**Exercise**
Which lines run from the one containing "Klager heeft onder" to the end of the material below? Copy them exactly, pictures excluded.

**Information supplied**
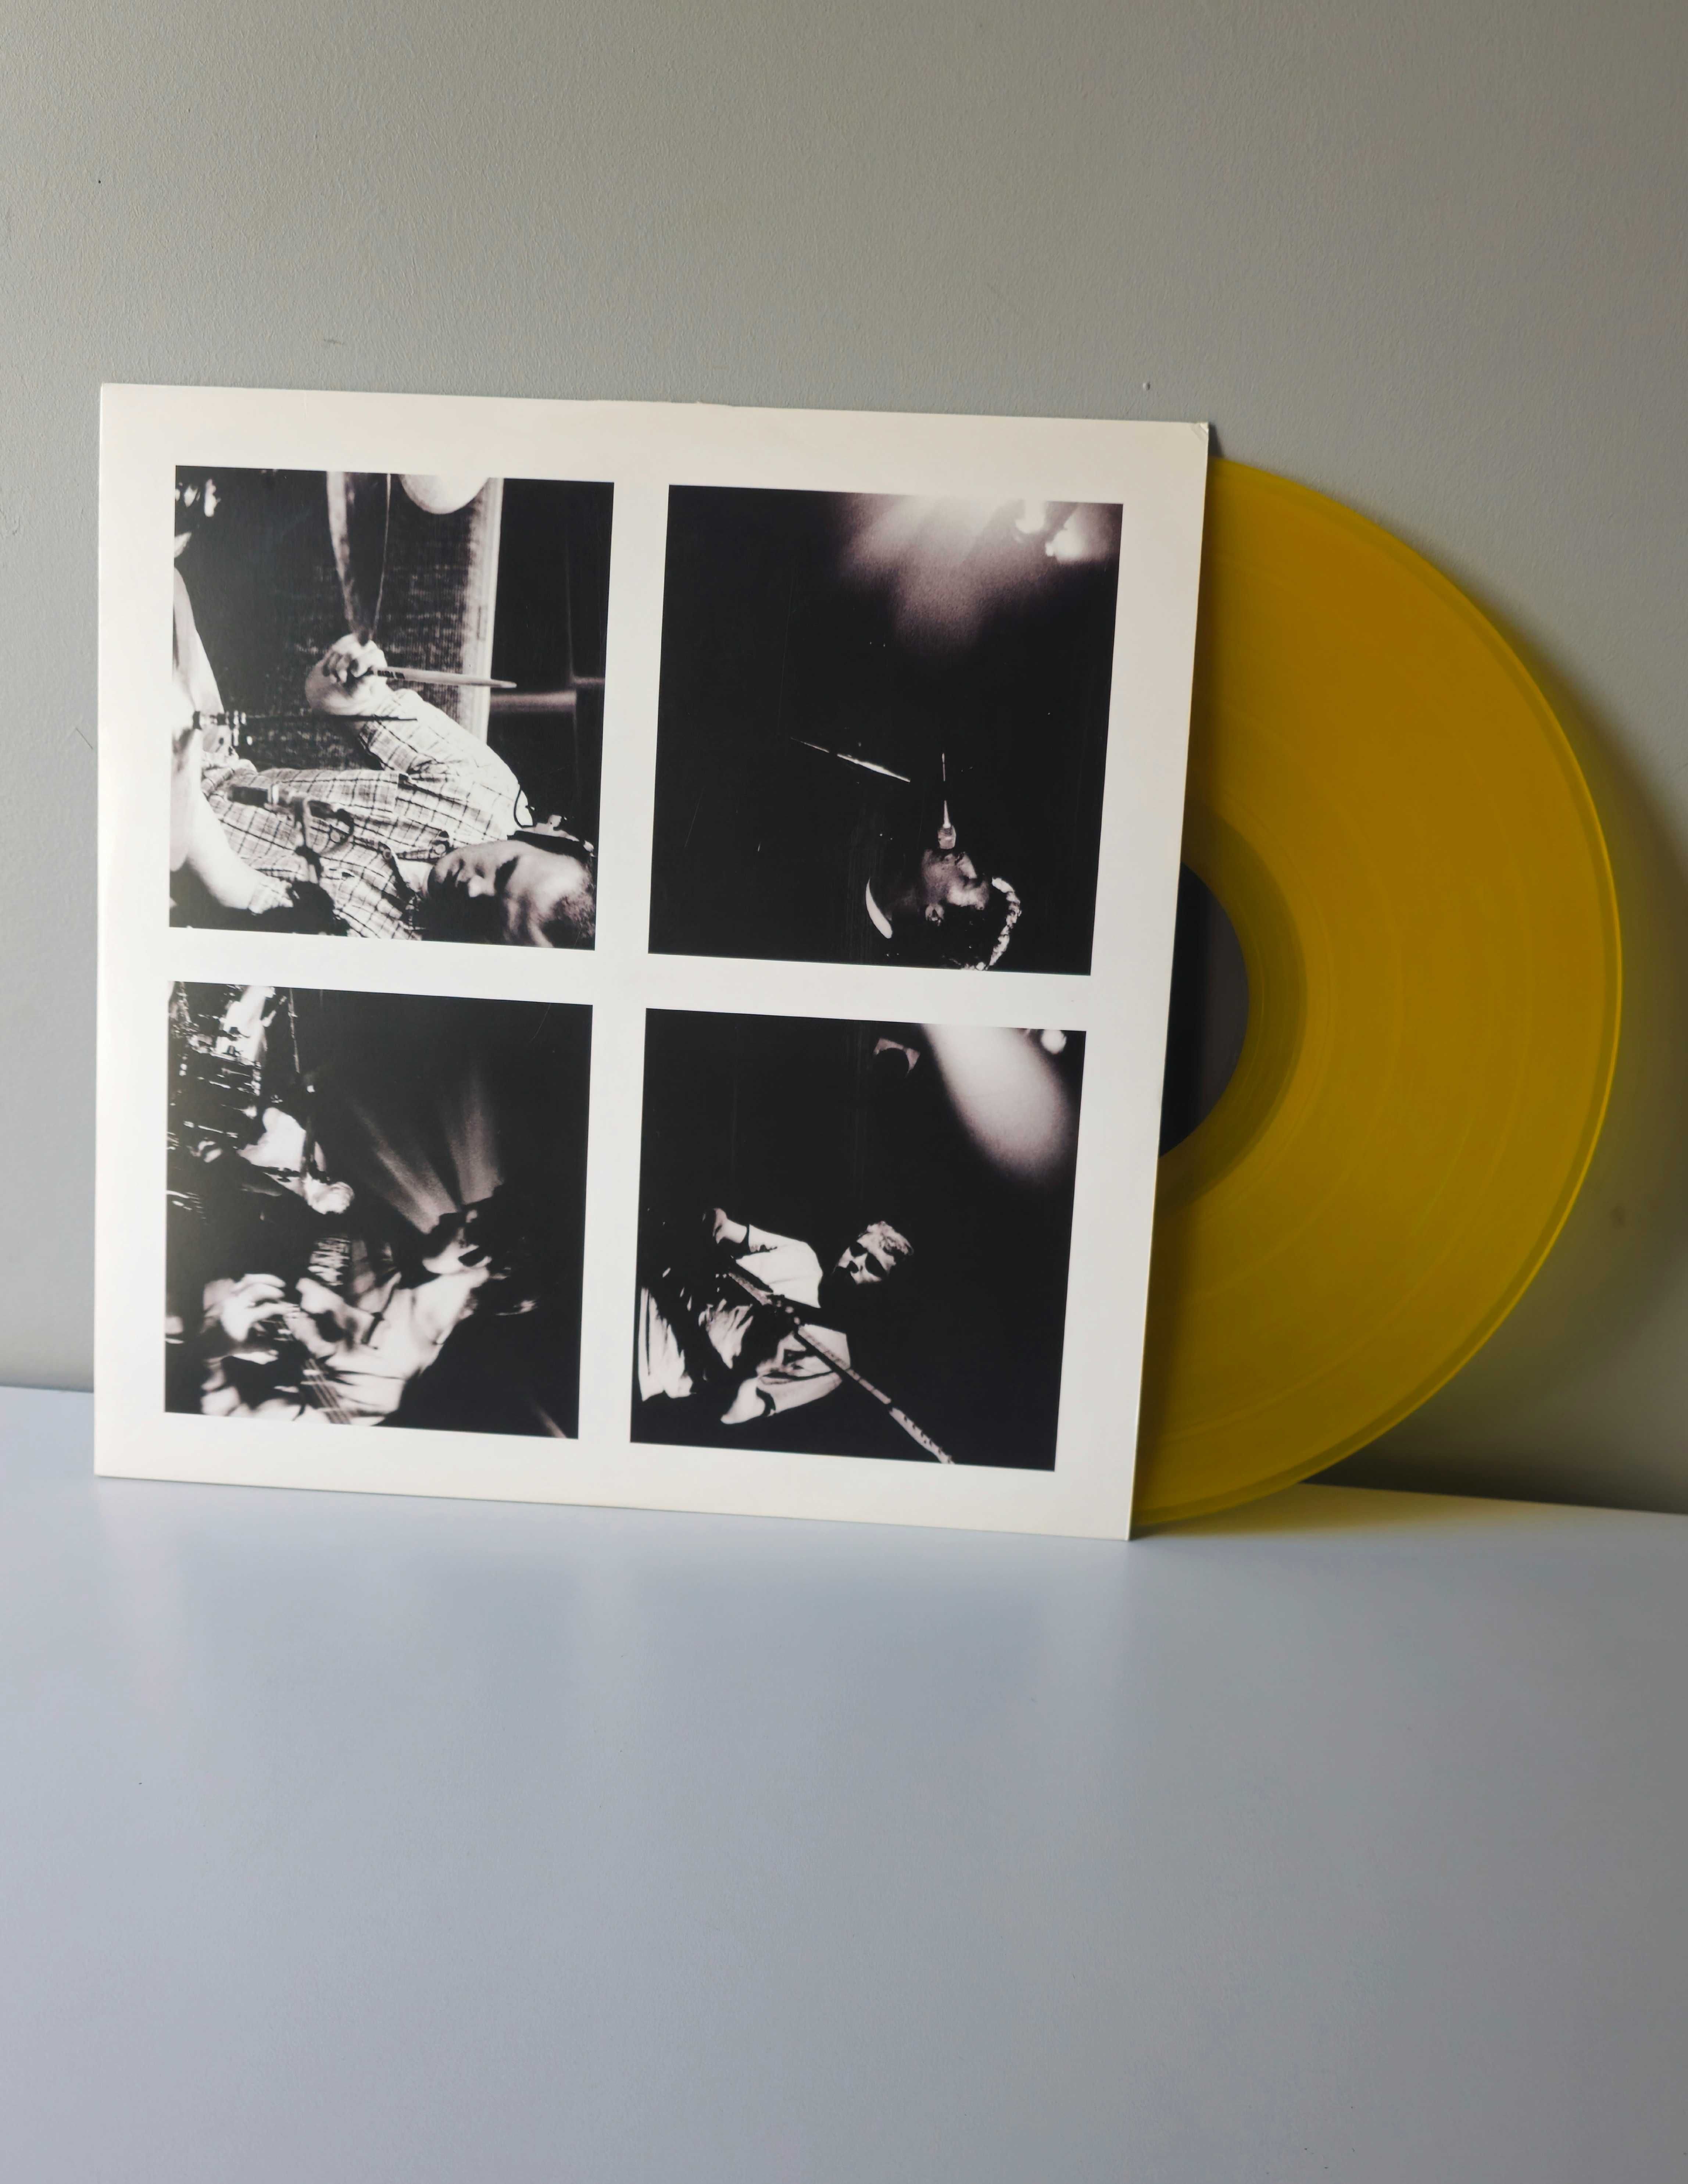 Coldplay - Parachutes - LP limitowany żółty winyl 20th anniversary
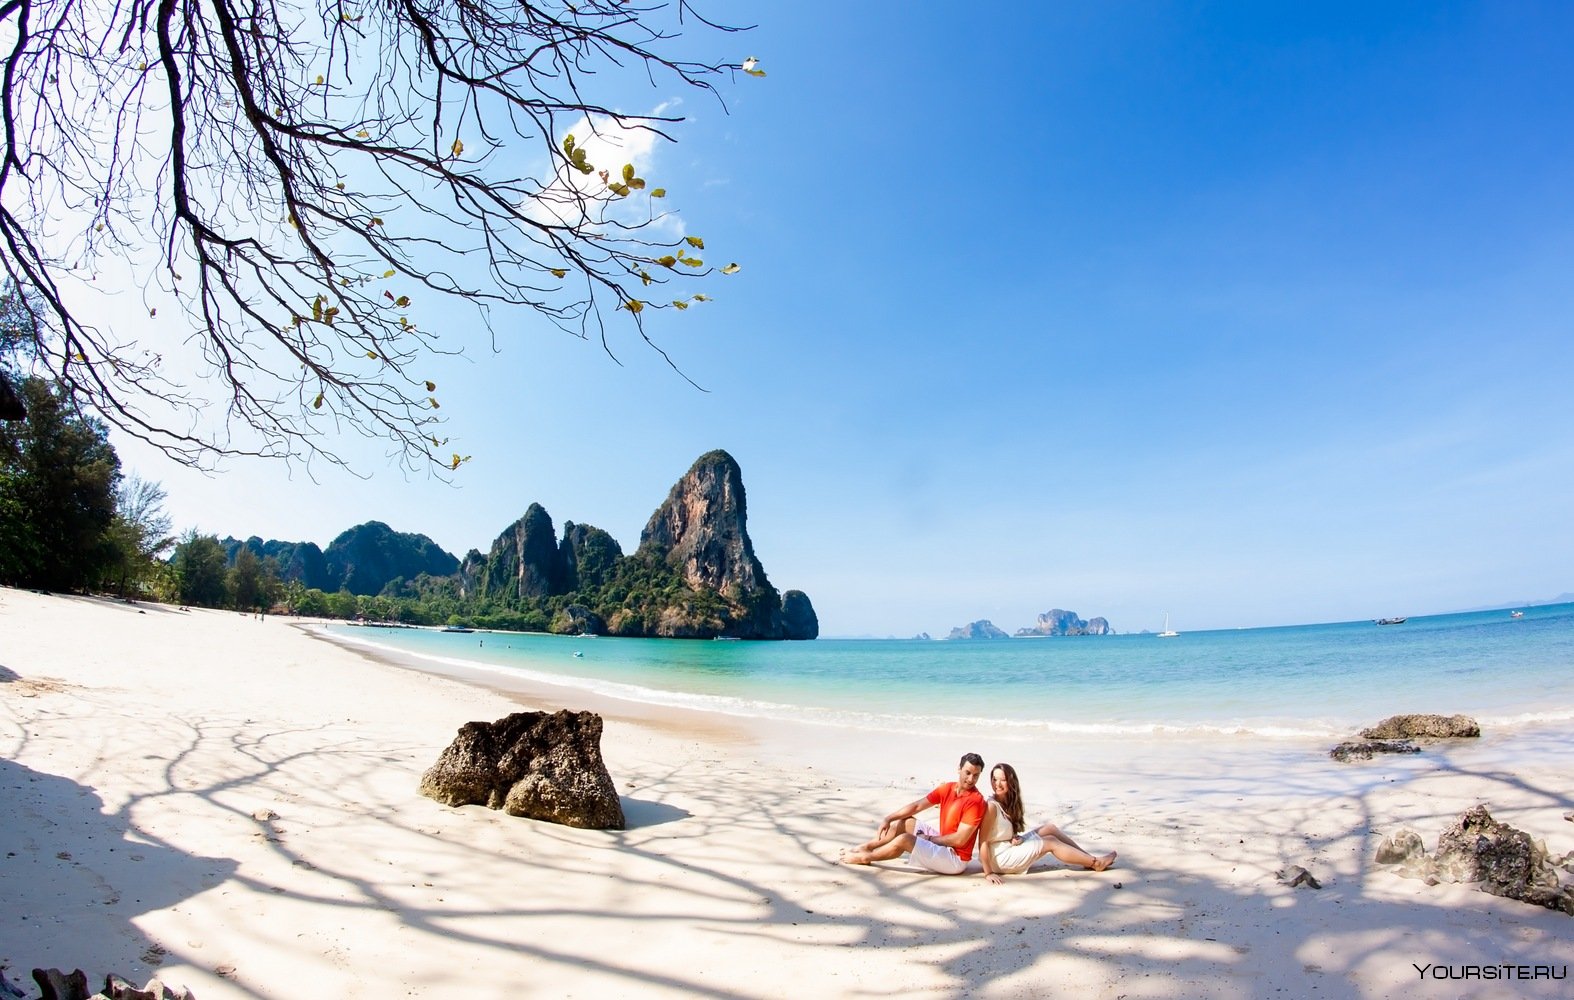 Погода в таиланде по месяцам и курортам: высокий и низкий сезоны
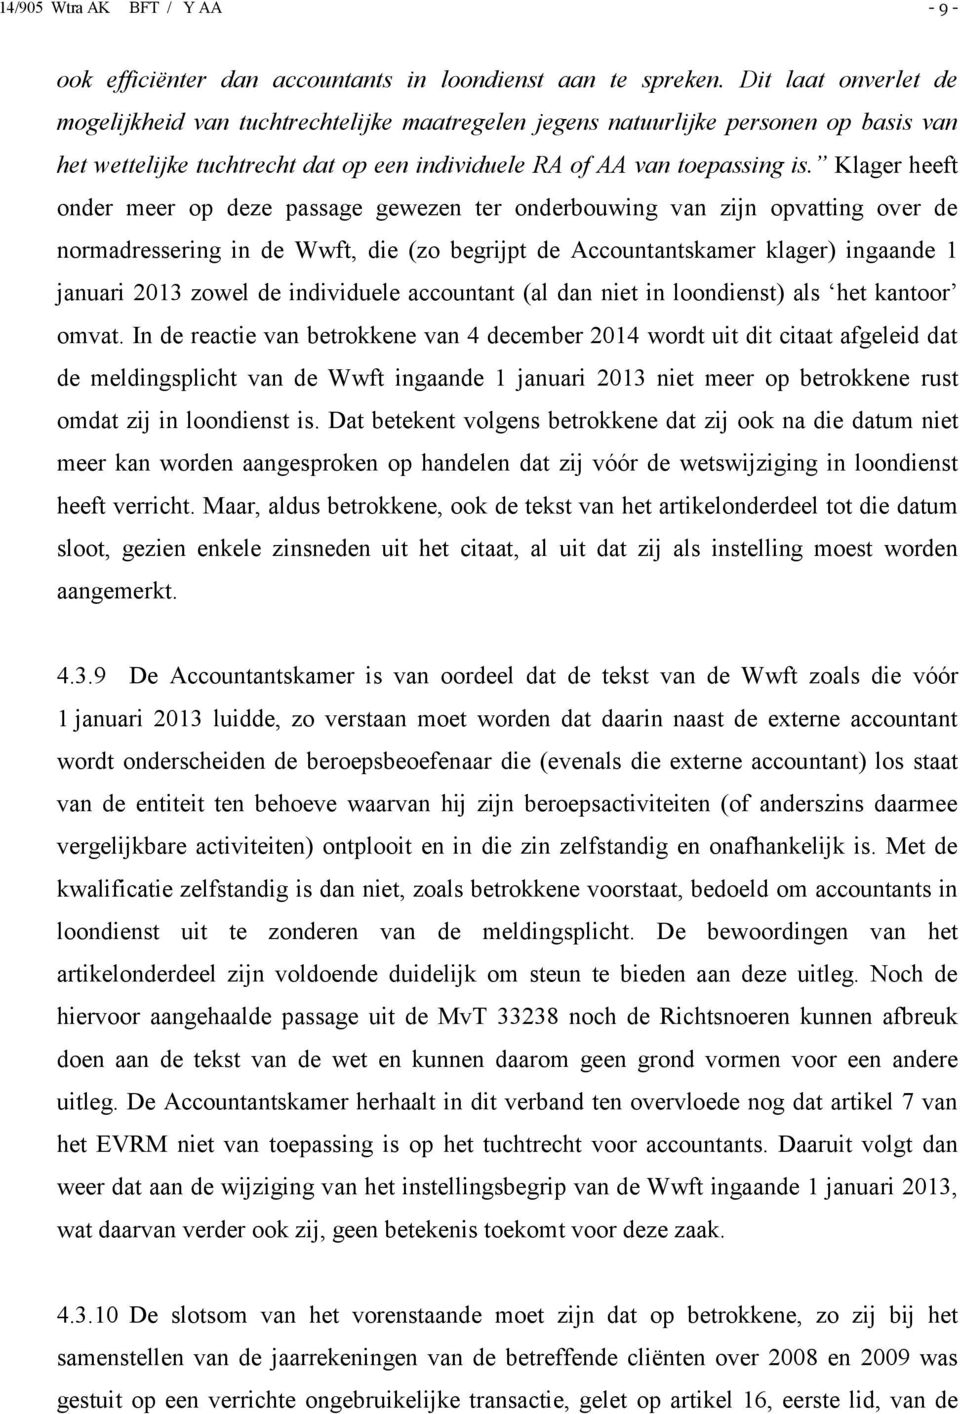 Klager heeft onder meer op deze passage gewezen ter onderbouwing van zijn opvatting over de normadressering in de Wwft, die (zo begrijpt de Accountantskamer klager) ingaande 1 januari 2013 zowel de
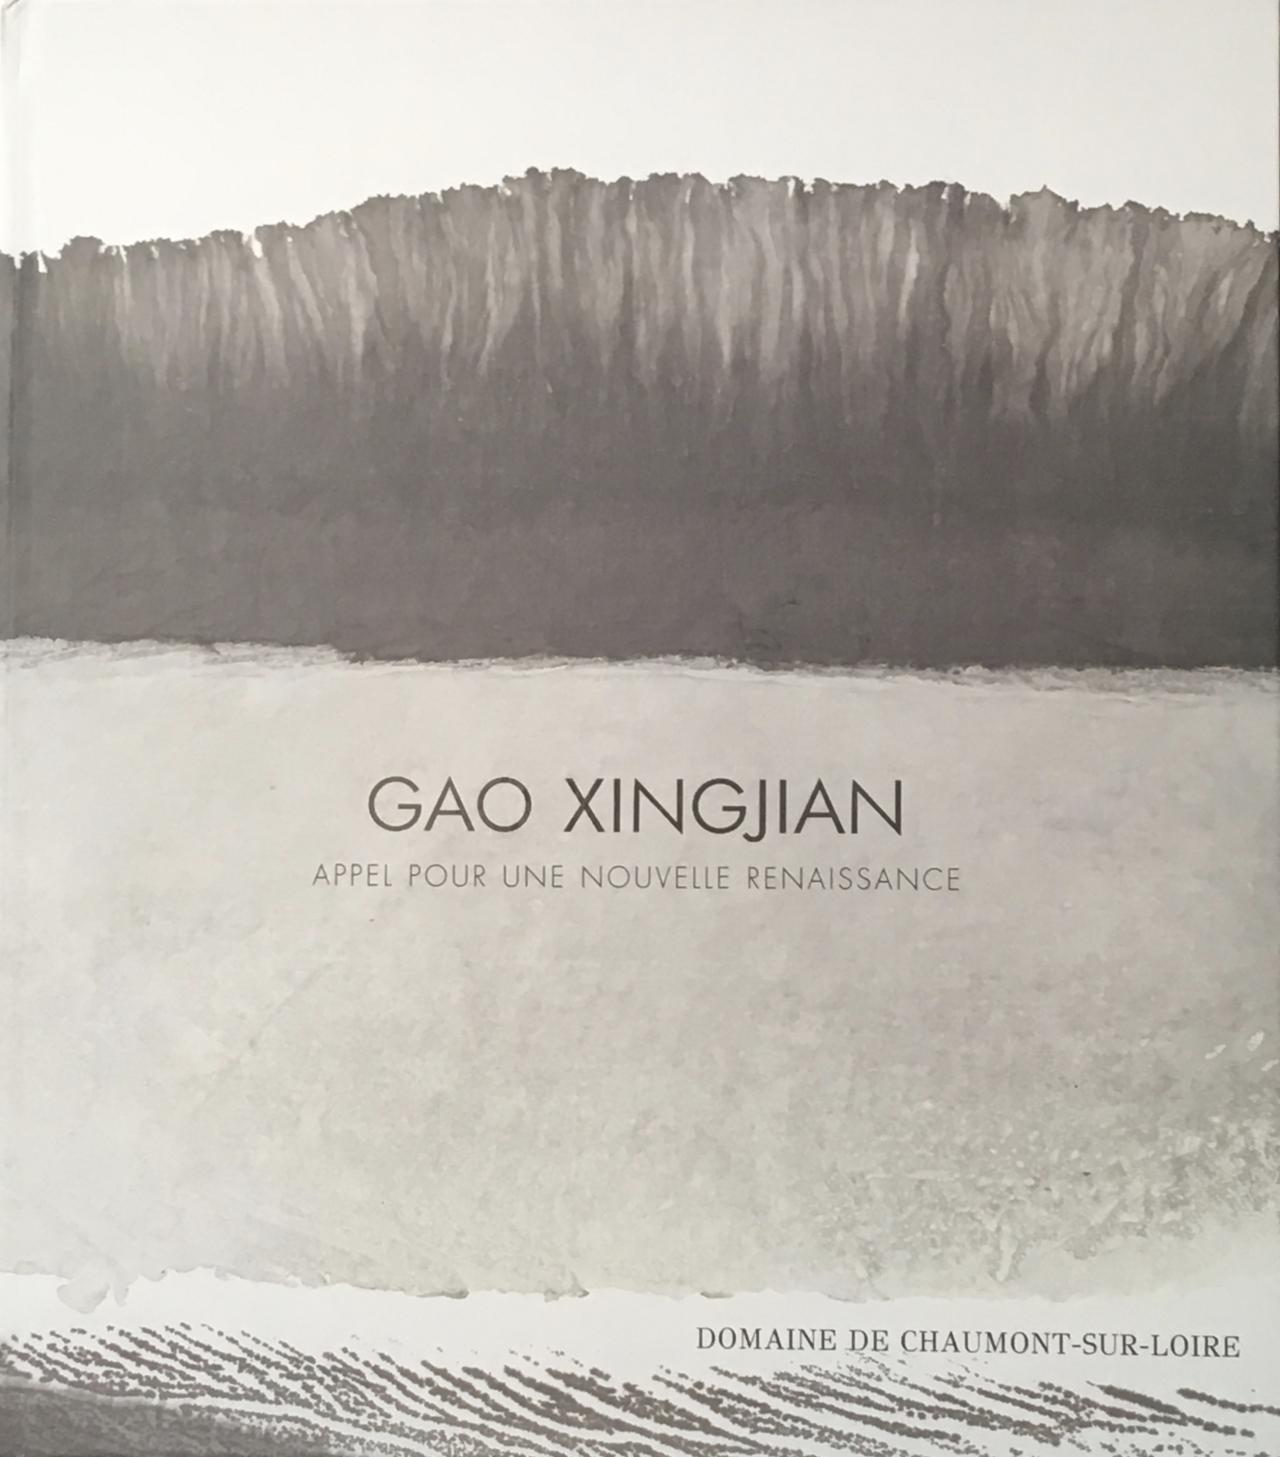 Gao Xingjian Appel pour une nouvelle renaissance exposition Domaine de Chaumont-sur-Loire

**Response**
 Klager heeft onder meer op deze passage gewezen ter onderbouwing van zijn opvatting over de normadressering in de Wwft, die (zo begrijpt de Accountantskamer klager) ingaande 1 januari 2013 zowel de
 Gao Xingjian Appel pour une nouvelle renaissance exposition Domaine de Chaumont-sur-Loire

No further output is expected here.